There is quite a workup time for living donors, which can be 12-18 months.  A lot has to happen and I’ll cover that in a later post.

Like in Regina’s podcast, there has been a rash of transplants here (in Victoria) over the last year, from both living and deceased donors.  But the list continues to grow, and the typical waiting time, if there is such a thing, for deceased donors is 2-4 years plus.

I say if there is a typical waiting time, because it is not just the amount of time you have been on the list, but more importantly, how good a match the donor kidney is.  There lies the rub.  Donor and recipient matching involves testing in three areas: blood type matching, tissue type matching and crossmatching, and you need to pass all three before your position on the list gets you a kidney.

Blood type matching is straight forward: a recipient with blood type O can receive a kidney only from a donor with blood type O; a recipient with blood type A may receive a kidney from a recipient with blood type O or A; a recipient with blood type B can receive a kidney from a donor with blood type O or B; and a recipient with blood type AB can receive a kidney from a person of any blood type.

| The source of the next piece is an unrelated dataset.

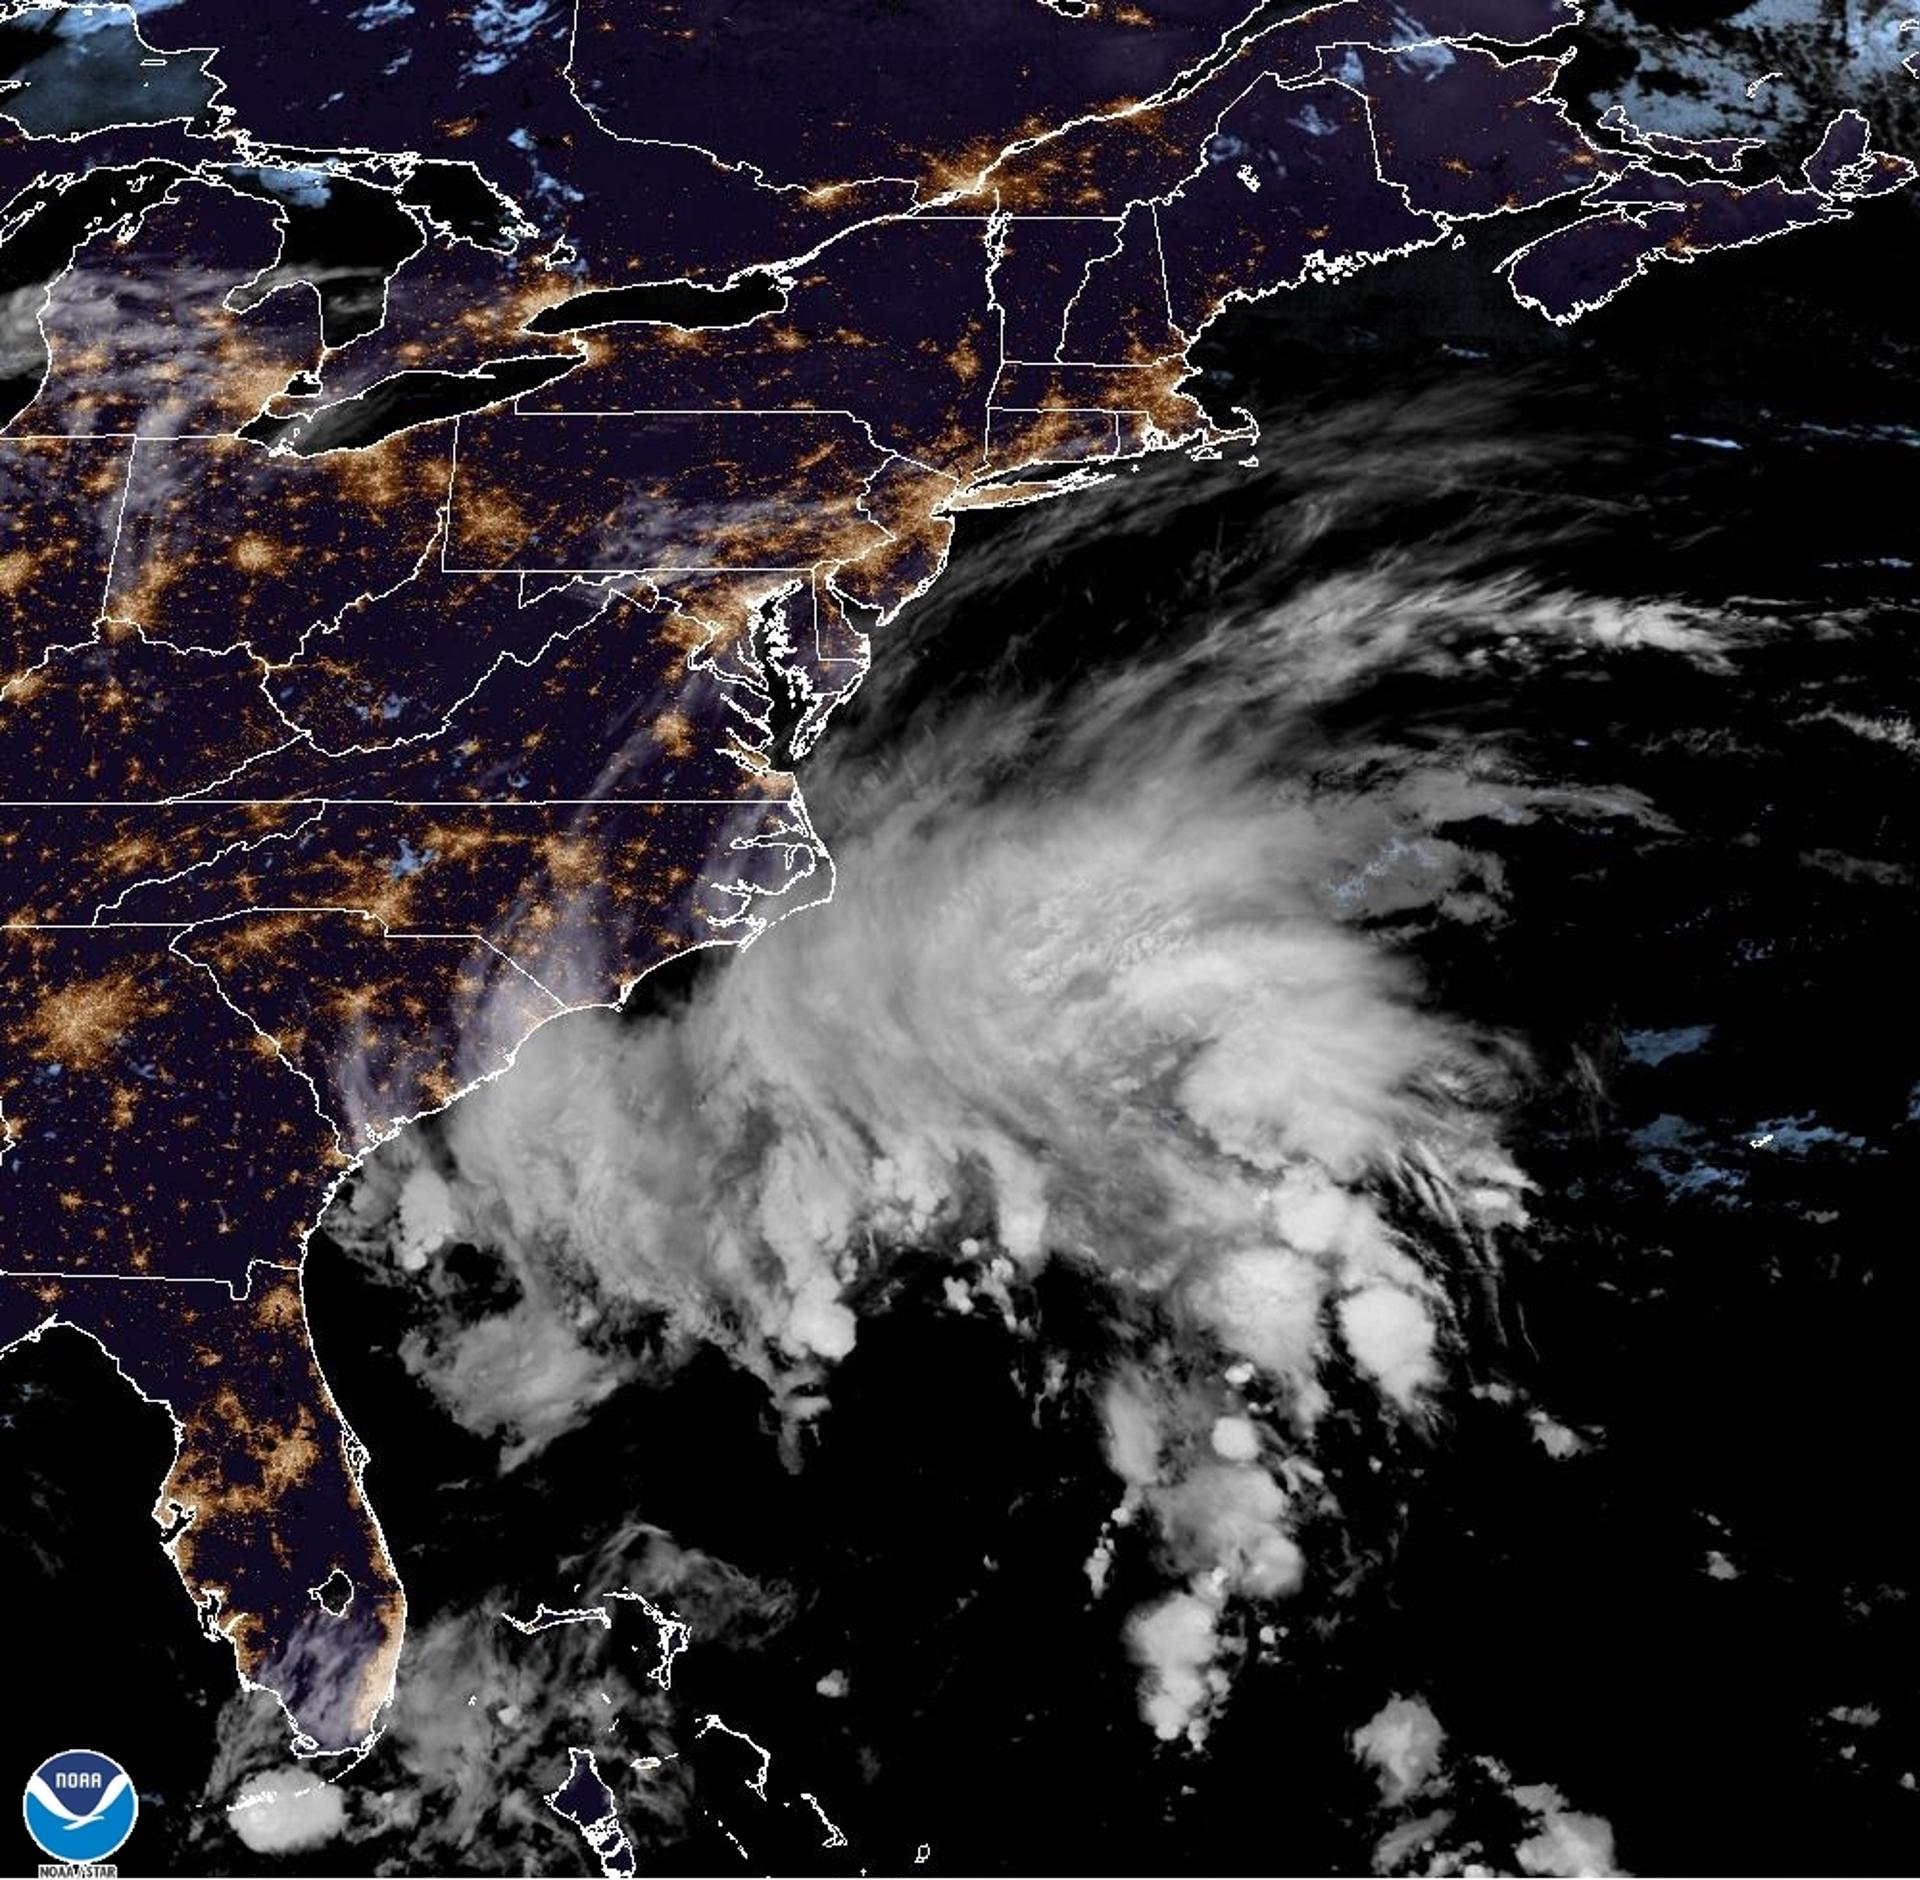 Fotografía satelital cedida este miércoles por la Oficina Nacional de Administración Oceánica y Atmosférica (NOAA) a través del Centro Nacional de Huracanes (NHC) de Estados Unidos donde se muestra la localización del ciclón tropical en el Atlántico frente a las costas estadounidenses. EFE/ NOAA-NHC SÓLO USO EDITORIAL/SÓLO DISPONIBLE PARA ILUSTRAR LA NOTICIA QUE ACOMPAÑA (CRÉDITO OBLIGATORIO)

If the blood types match, the next tests are for tissue type.  For kidney transplants, there are at least six specific blood and tissue types, called antigens, which define how well you may be compatible with a donor.  The best compatibility is a six-antigen match.  This match, which occurs 25 percent of the time between brothers and sisters having the same mother and father, also occurs from time-to-time in a random fashion in the general population.  As the number of antigen matches fall, so the outlook for a long-term transplant falls.  This outlook can be improved with a greater (and sometimes heroic) use of anti-rejection drugs, but these have their associated, cumulative and usually unpleasant side effects.

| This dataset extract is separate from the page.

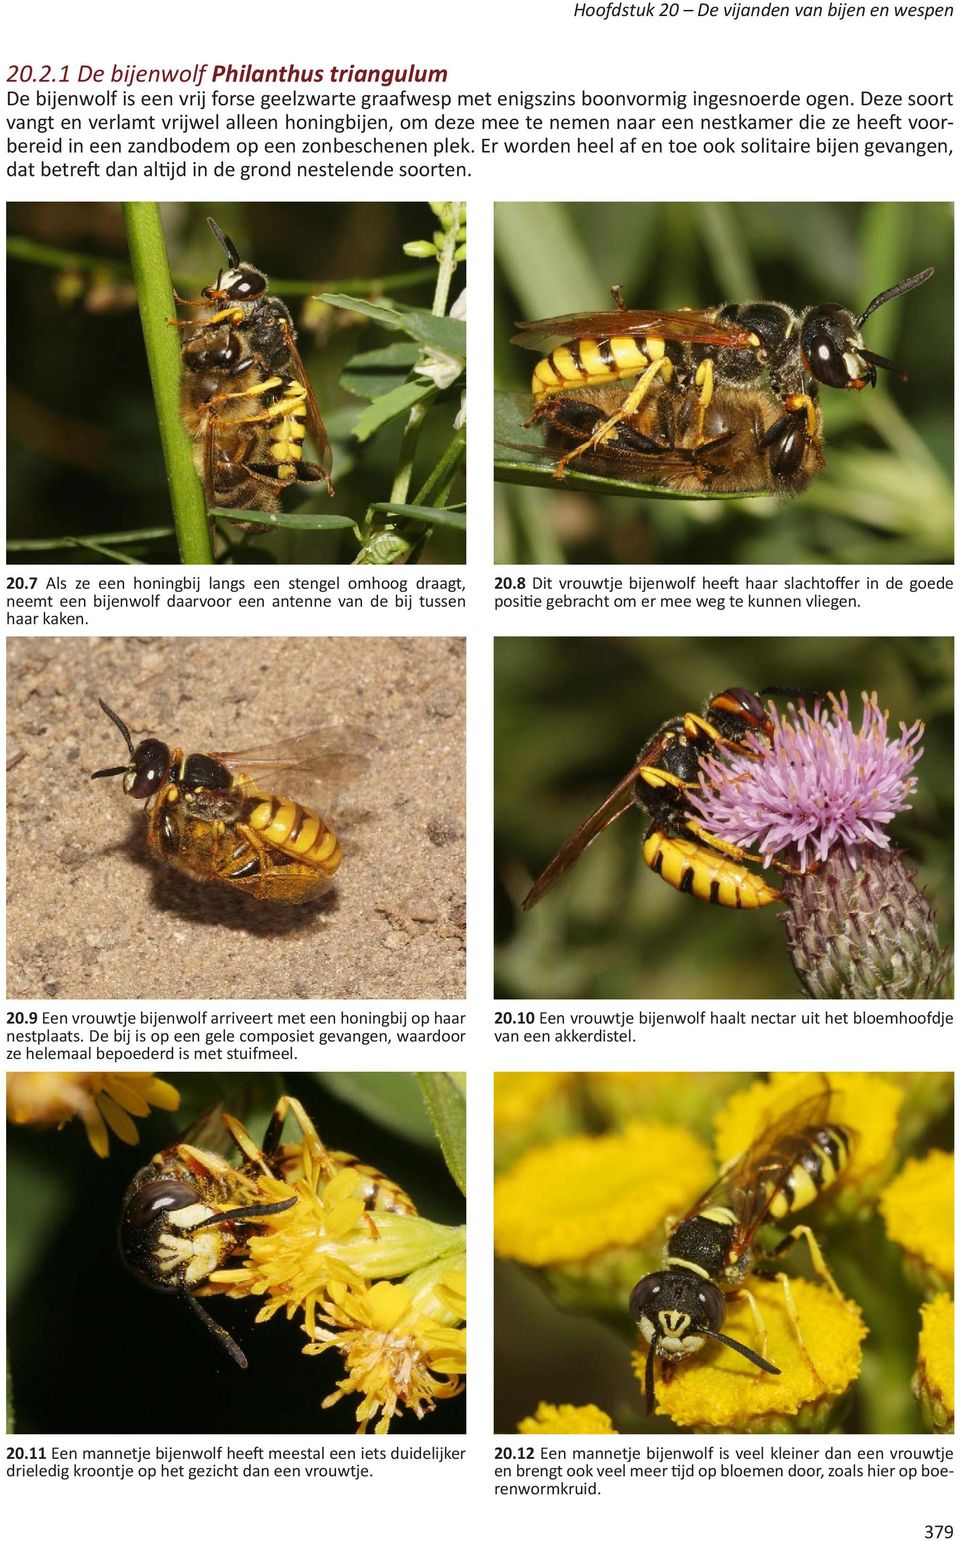 Er worden heel af en toe ook solitaire bijen gevangen, dat betreft dan altijd in de grond nestelende soorten. 20.

If you pass tissue type matching, the final crossmatch test mixes donor and recipient cells and serum to determine whether your body will attempt to reject the kidney.  Throughout your life, your body makes substances called antibodies that act to destroy foreign materials. You may make antibodies each time you have an infection, are pregnant, have a blood transfusion or undergo a kidney transplant. If you have antibodies to the donor kidney, your body will destroy the kidney. So the final crossmatch test is to ensure that you don’t have antibodies to the donor. The test outcome is either positive or negative: a positive crossmatch means that you have responded to the donor and that the transplant should not be carried out; a negative crossmatch means that you have not responded to the donor and therefore transplantation should be safe.

(The above info is a summary from the UCSF Health website.)

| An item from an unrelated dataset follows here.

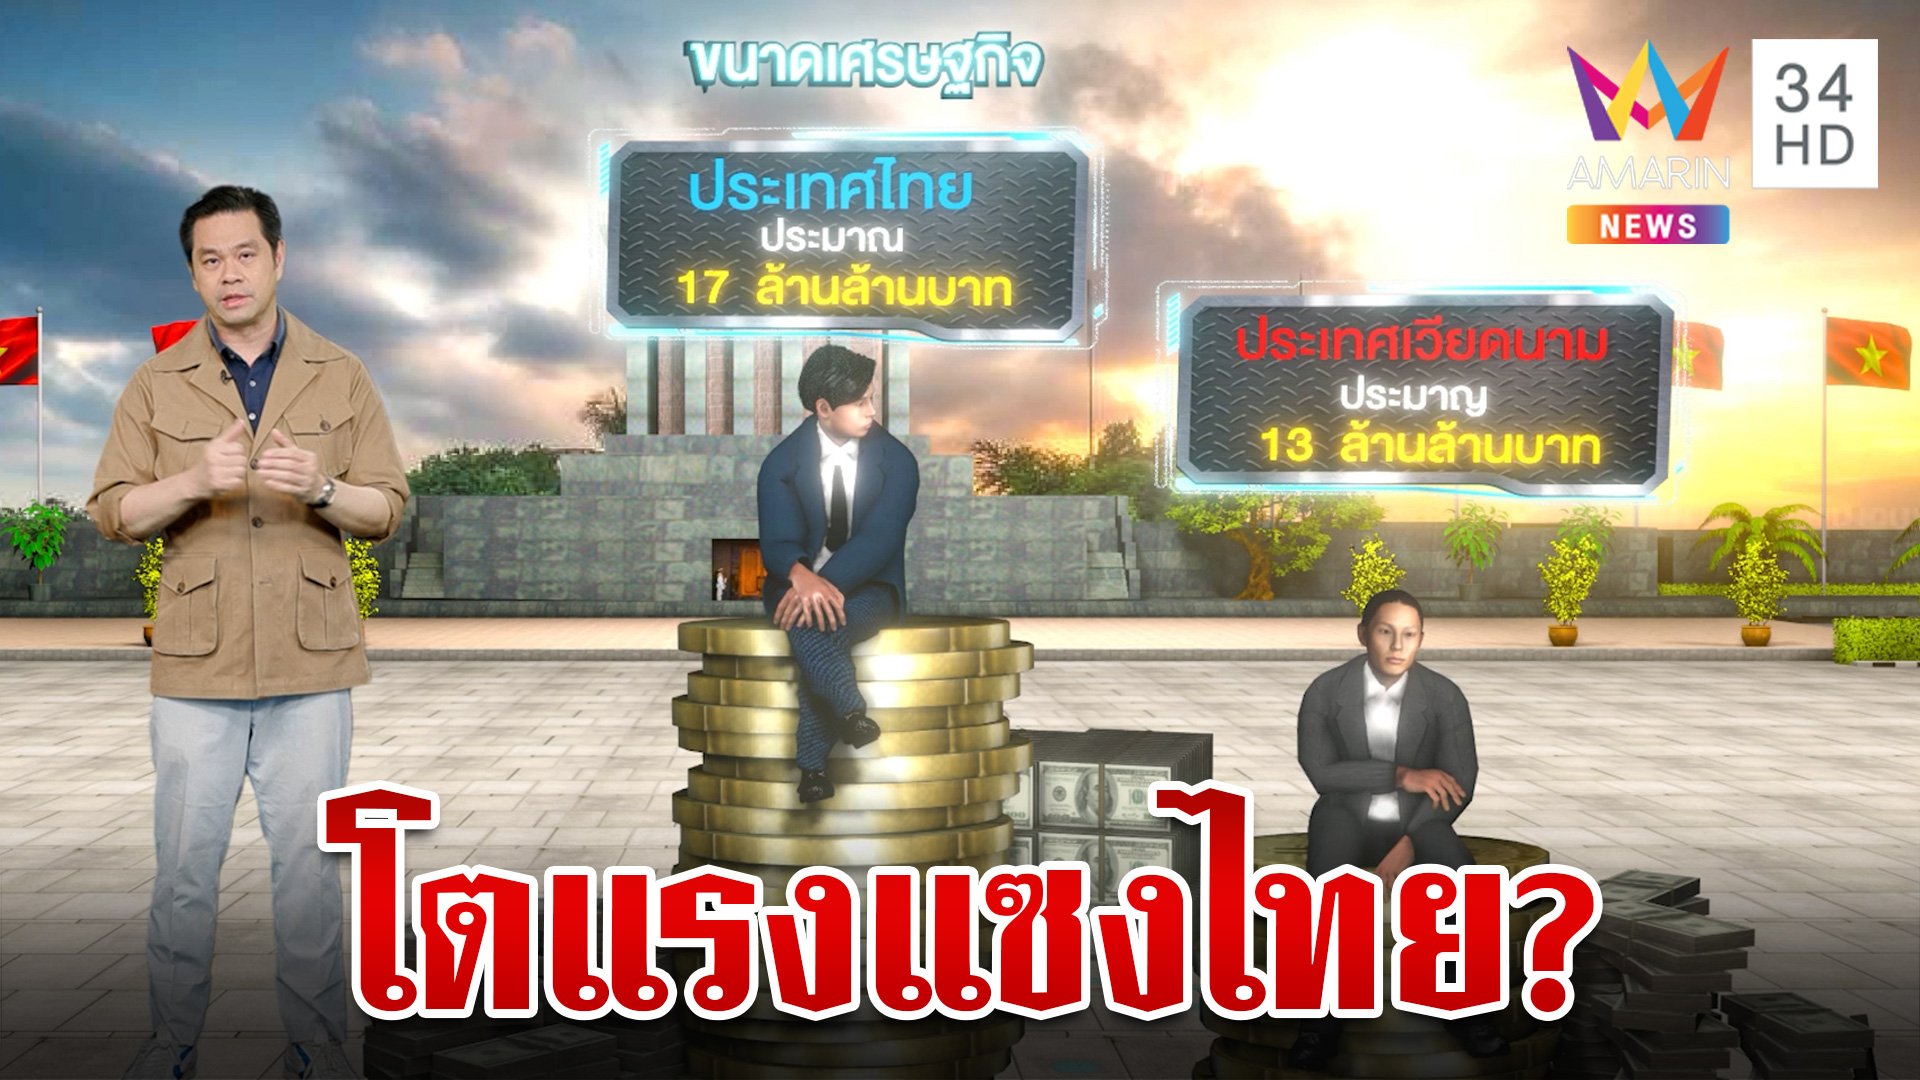 จริงหรือไม่เศรษฐกิจเวียดนามจะเจริญก้าวหน้ากว่าประเทศไทย | ทุบโต๊ะข่าว | 10 ก.ค. 66 | AMARIN TVHD34

So, in summary, the deceased donation transplant process works like this:

  • You provide regular (usually monthly) blood samples to your transplant hospital/blood service. Then, when
  • A kidney becomes available to your transplant hospital
  • If your name is at or near the top of the waiting list (based on the time you have been waiting)
  • The transplanting hospital/blood service will check that your blood type matches the donor’s
  • If OK, they will test your tissue type compatibility
  • If acceptable, they will crossmatch your cells with the donor’s
  • If there is a negative crossmatch,
  • They will offer you the kidney.

Then the fun begins, and it’s usually worth the wait.